Intimidating A Witness Charges in California
Intimidating Or Dissuading A Witness – Penal Code Section 136.1
When it comes to intimidating a witness, the police, prosecutors and even judges take these cases very seriously. I can see these cases come up in a number of different scenarios. Sometimes a person is in the midst of allegedly committing a crime – domestic violence for example – and the other party threatens to report them and they snap back – if you do, I’m going to kill you – or if you do, I’m going to get you, or they take their phone away or break it, or they pull the phone out of the wall – these are all cases that can fall under the umbrella of dissuading or intimidating a witness covered under California Penal Code Section 136.1.
Another area where I see it all the time is when I do preliminary hearings or trials in the various courts throughout Los Angeles County and somebody who’s either a defendant or a friend of a defendant or family member of a defendant will say something to one of the witnesses in the person’s case that they take wrong, and then they report it to law enforcement and this would be a very serious dissuading or intimidating a witness case. The typical bail for these cases is $100,000.00 and the prosecutors are usually looking to put anybody involved with this type of case in prison.
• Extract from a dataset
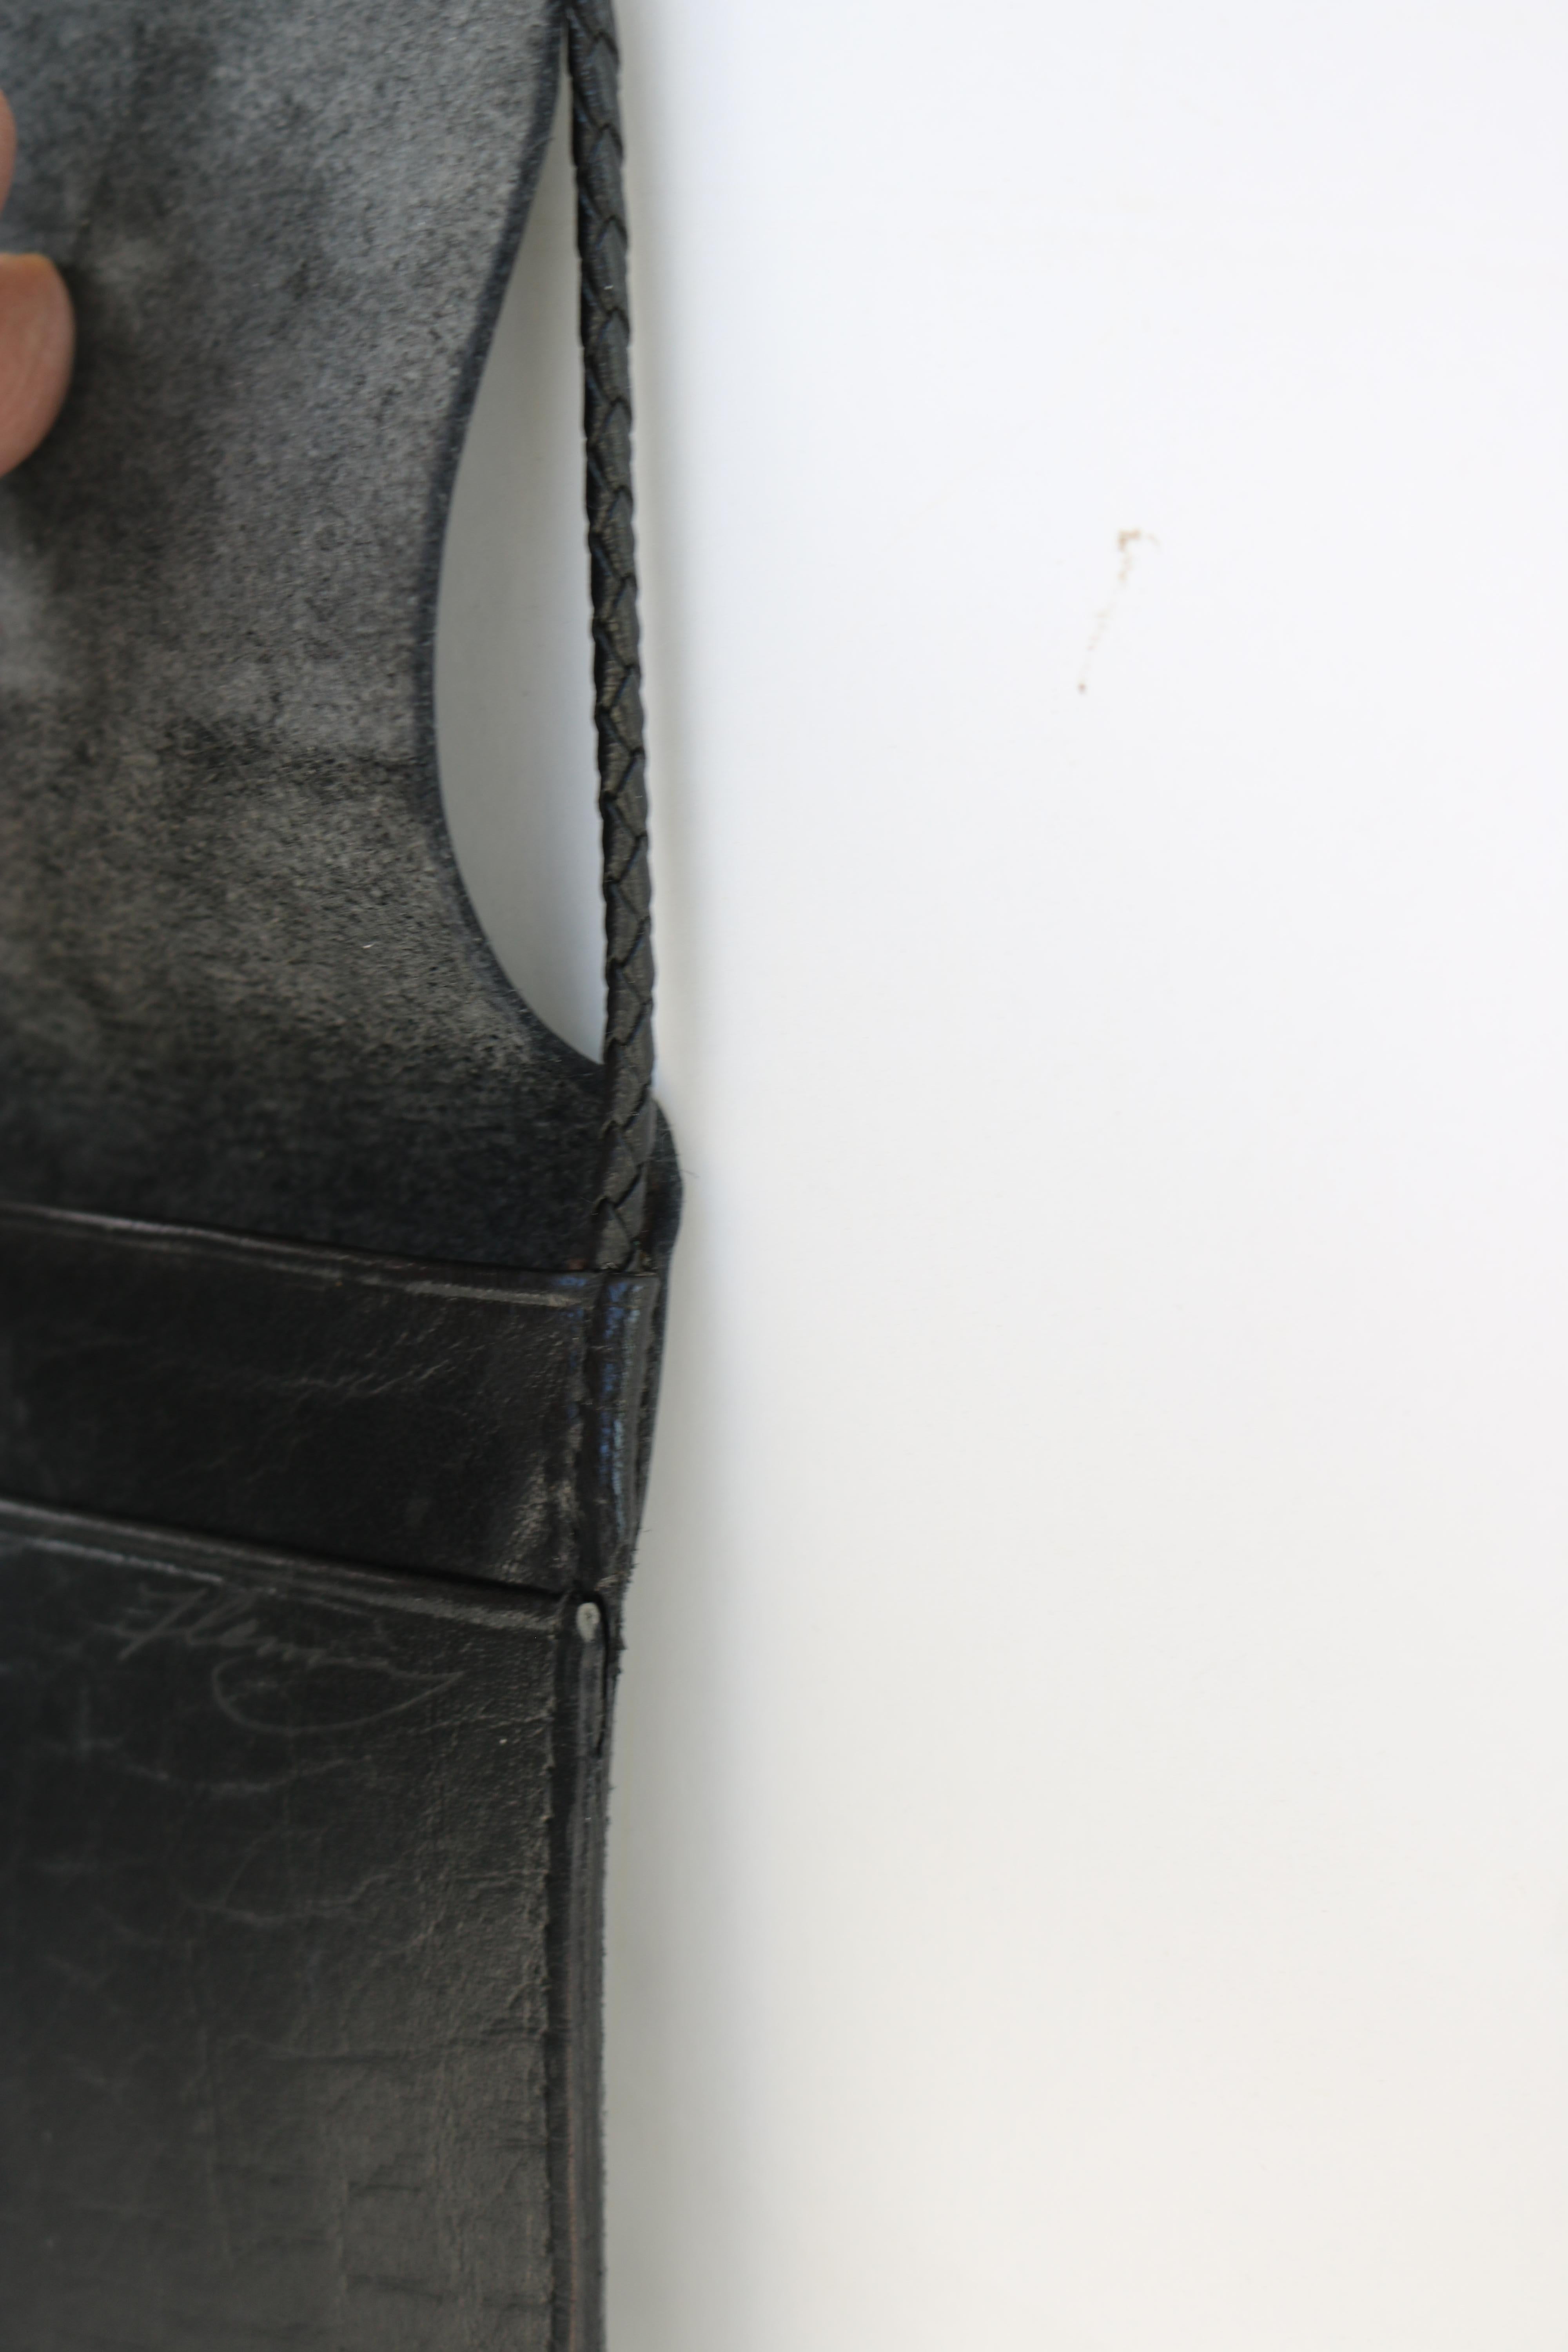 1970s Lizard Gem Tassels Crossbody Bag-Lightweight for Phone, Passport, Everyday For Sale 5

Dissuading a witness cases are typically prosecuted by the senior level prosecutors and they are political crimes, because our whole judicial system is centered around people being able to get a fair trial, and not only the defendant getting a fair trial, but the people of the State of California getting a fair trial. The prosecutors are the ones responsible for making sure that happens along with the judge.
So, if either the judge or the prosecutor feels that any witness is being dissuaded or intimidated, they’re going to come down hard on whoever is doing that, and they will take them into custody, they will prosecute them, and they will send them to prison.
So, if you have one of these cases, I suggest you get in front of a good criminal defense attorney, go over all of the facts, give them the right details about what happened – don’t leave anything out, don’t put a spin on it – and allow your criminal defense attorney to figure out exactly how the case is going to be defended and what is going to be done.
You can certainly bring up mitigating circumstances or explain why, whatever was said or done, was done. Sometimes in that first example I gave you where you’re in the midst of a domestic violence situation and you’re arguing, you’re angry with somebody – people say stupid stuff that they really didn’t mean – to dissuade or intimidate a witness, then a lot of times I can get those charges dismissed because the prosecutors realize the person was just talking crazy and the real underlying offense has to do with something other than dissuading or intimidating a witness.
Defenses To Intimidating Or Dissuading A Witness
Sometimes, again parties will try to use certain legal processes in order to stop somebody from doing something they don’t want them to do. So, I’ve seen people claim that they’ve been threatened in various things and then the poor person is charged with an intimidating or dissuading a witness case, and I have to come in and figure out what happened, and then we find out that they really didn’t intimidate or dissuade anybody.
The other person was just angry with them or is trying to get them in more trouble. Other defenses are related to basically that you didn’t say or do anything that was an effort to intimidate or dissuade a witness. Again, we need to know exactly what the words are that were being said and then you use the reasonable person standard – you match it up with Penal Code Section 136.1 and those elements, and then you see whether or not somebody actually made a statement or did something that intimidated a witness in the case.
You’re going to need someone to do or say something malicious – there’s going to need to be some sort of a threat – and the other party is going to have to realize or think in their mind that the person is serious about whatever it is, was said and they’re going to also have to believe that they were trying to intimidate them into not testifying in the case.
So, there are all sorts of defenses in these types of cases, but of course the defenses spin on the facts of the case – the facts and circumstances in all criminal defense cases dictate what defenses are available, and basically what a person should do when it comes to intimidating a witness case.
Seeking Best Possible Outcome
My strategy typically in these cases is to get the client in, have them give me an honest account of exactly what happened without leaving anything out so I have all the details, and then through my twenty-five years of experience, I will talk and then we’ll come up with a plan of exactly how the case is going to be dealt with – whether we’re going to defend it all the way with a jury trial – or whether this is the type of case where we need to do damage control and speak to the prosecutor, get character letters and figure out how we can show them that you’re not a bad person, that this is out of character for you – it’s an aberration that’s never going to happen again.
If we can convince them that you’re not a danger to the public and you would never do anything to any of the witnesses in the case, and it was just something that came out in anger and you really weren’t going to act upon it, now we’re in a position where we can try to get probation and work things out so that you can protect your freedom, your record and your reputation.